Other Types of Sequence Elements

Our approach allows using various types of sequence elements, i.e., the data types for which hypervector representations are known can be used. They include numeric scalars or vectors, n-grams, other sequences, graphs, etc. Moreover, the proposed methods do not demand sequence elements to be in contiguous positions, as in strings. These modifications may require some method adaptations, such as increasing hypervector dimensionality or/and adjusting parameters and techniques.

Also, our approach can be applied to representing vectors with components that are integers in a fixed range (symbols would correspond to the components of the vector, whereas positions would correspond to the components' values).

Equivariance

The equivariance of representations is a desirable property, at least for the following reasons:

  • In the equivariant representations, the information about the transformation S(x) for which the representation is obtained is preserved and available for further processing. For example, a hypervector representation equivariant with respect to a sequence shift preserves information about the position of the sequence. This contrasts with the invariant representation, where such information is lost.

  • Ensuring equivariance in hypervector representations opens up the possibility to perform their further equivariance-preserving transformations.

  • From an equivariant representation, an invariant one can be obtained. For example, this could be done by superposition of the hypervectors obtained for all the transformations with respect to which invariance is required.

  • The system gets the ability to operate with the transformed internal representations of objects, instead of recreating them from the transformed objects (an analogue of “mental transformations” mentioned in “Equivariance of Hypervectors with Respect to Sequence Shift”).

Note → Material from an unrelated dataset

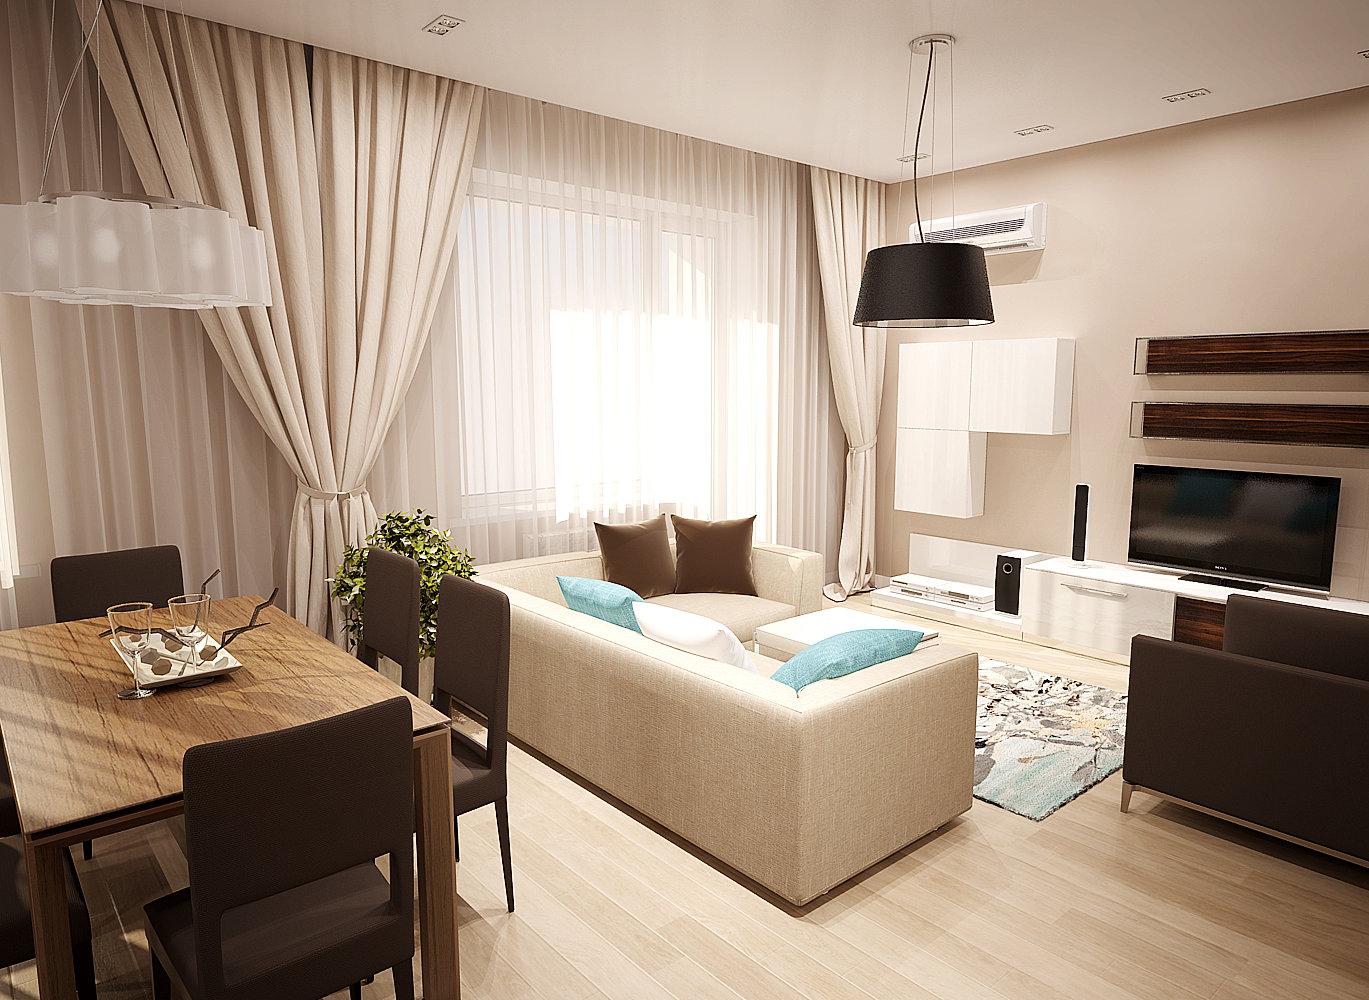 Дизайн комнаты 20 кв.м с двумя окнами

  • Obtaining the hypervector of the transformed object as T(F(x)) is computationally more efficient than as F(S(x)), if T is easier to calculate than F and there exists previously obtained object hypervector F(x).

  • The absence of computation and energy costs for the execution of F(S(x)) is important in case of limited resources, e.g., in edge computing.

We also foresee other interesting effects from equivariant hypervector representations, both in line with DNNs [50] and beyond.

Directions for Future Research

In this paper, the proposed approach for hypervector representation of sequences has been detailed and tested for the case of rather short symbolic strings and for the HDC/VSA model of Sparse Binary Distributed Representations [23, 37, 43]. Areas for further research include the following extensions:

  • other HDC/VSA models;

  • long sequences; hierarchical sequences;

  • other data types (besides sequences);

  • other types of equivariance (besides shifts);

  • other types of application tasks;

  • interplay with DNNs.

Some of these extensions look rather straightforward, some will probably require more research and novel solutions. For example, the proposal for the recursive multiplicative binding based on the approach from this paper was considered in [83].

Concerning further progress in the HDC/VSA field, one promising direction is representing different types of data in a single hypervector [8, 23]. For example, different descriptors for a single image [8] or different modalities of object representation [23]. When using permutative hypervector representations, this would require applying different permutations. Unlike the formation of distributed vector representations in DNNs, no training is needed to form such hypervector representations in HDC/VSA. As another prospective research topic, let us mention distributed associative memories, along the lines proposed in [84], but for sparse hypervectors [85, 86].